For starters, the typical Amazon package comes with enough excess material that you can start building your own Amazon warehouse out of cardboard after a few orders. And the ease of Prime means that we no longer wait to consolidate a bunch of necessities into one order, but instead mash the order button whenever we run low on paper towels. So instead of one efficiently packed box (or one trip to the grocery store), we get half a dozen slapdash boxes delivered by half a dozen different drivers.
It's the pollution created by all those vehicles rushing erotic novelty silverware to your home where things get really problematic. In theory, e-commerce should be great for the environment. Consolidating 50 deliveries into one vehicle should produce far few carbon emissions than having 50 people all drive to 7-Eleven to buy a pack of gum. But that only works if there's a universal delivery window of, say, Friday evening, and not individual delivery times for every consumer.

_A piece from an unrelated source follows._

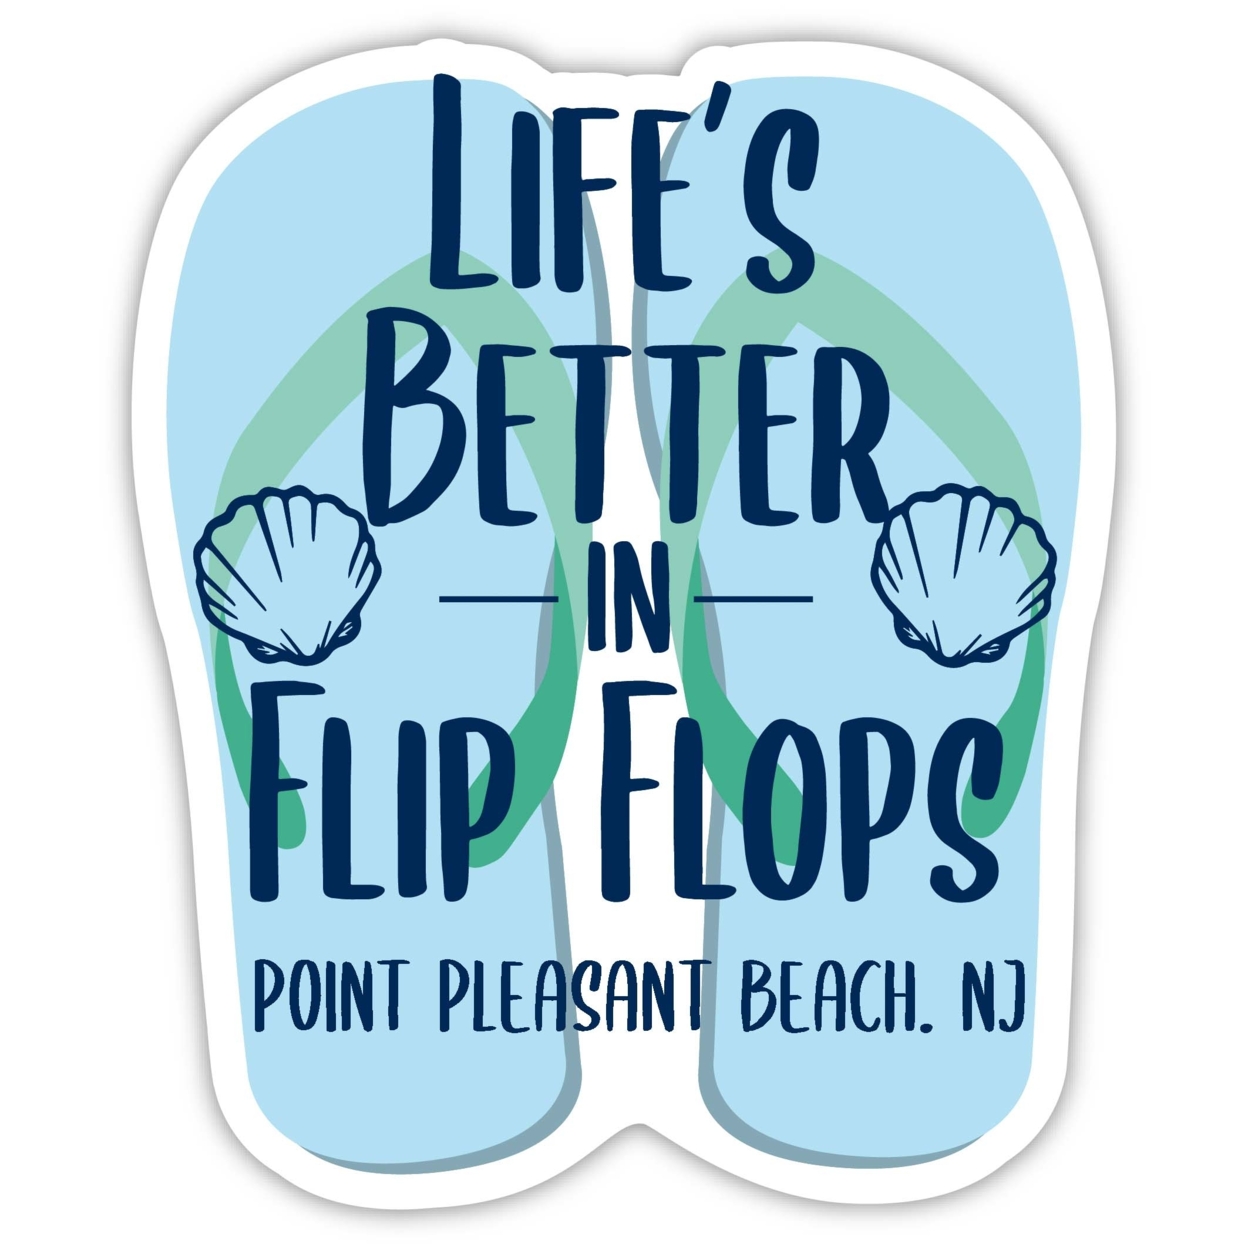 Point Pleasant Beach New Jersey Souvenir 4 Inch Vinyl Decal Sticker Flip Flop Design

Amazon is all about convenience, even when you don't really need it. So consumers place a dozen orders over the span of a week instead of one, then these mundane items are rushed around the country by planes instead of taking the greener (but slower) ground route, and then record amounts of cardboard waste piles up. Expediency is such a huge part of Amazon's marketing push that their competitors are trying to match their efficiency. Which, of course, is even worse for the environment. So try to hold off on ordering individual bags of chips, one at a time, to be delivered every single day of the week. We know it gives you a reason to wake up in the morning, but it's killing the world.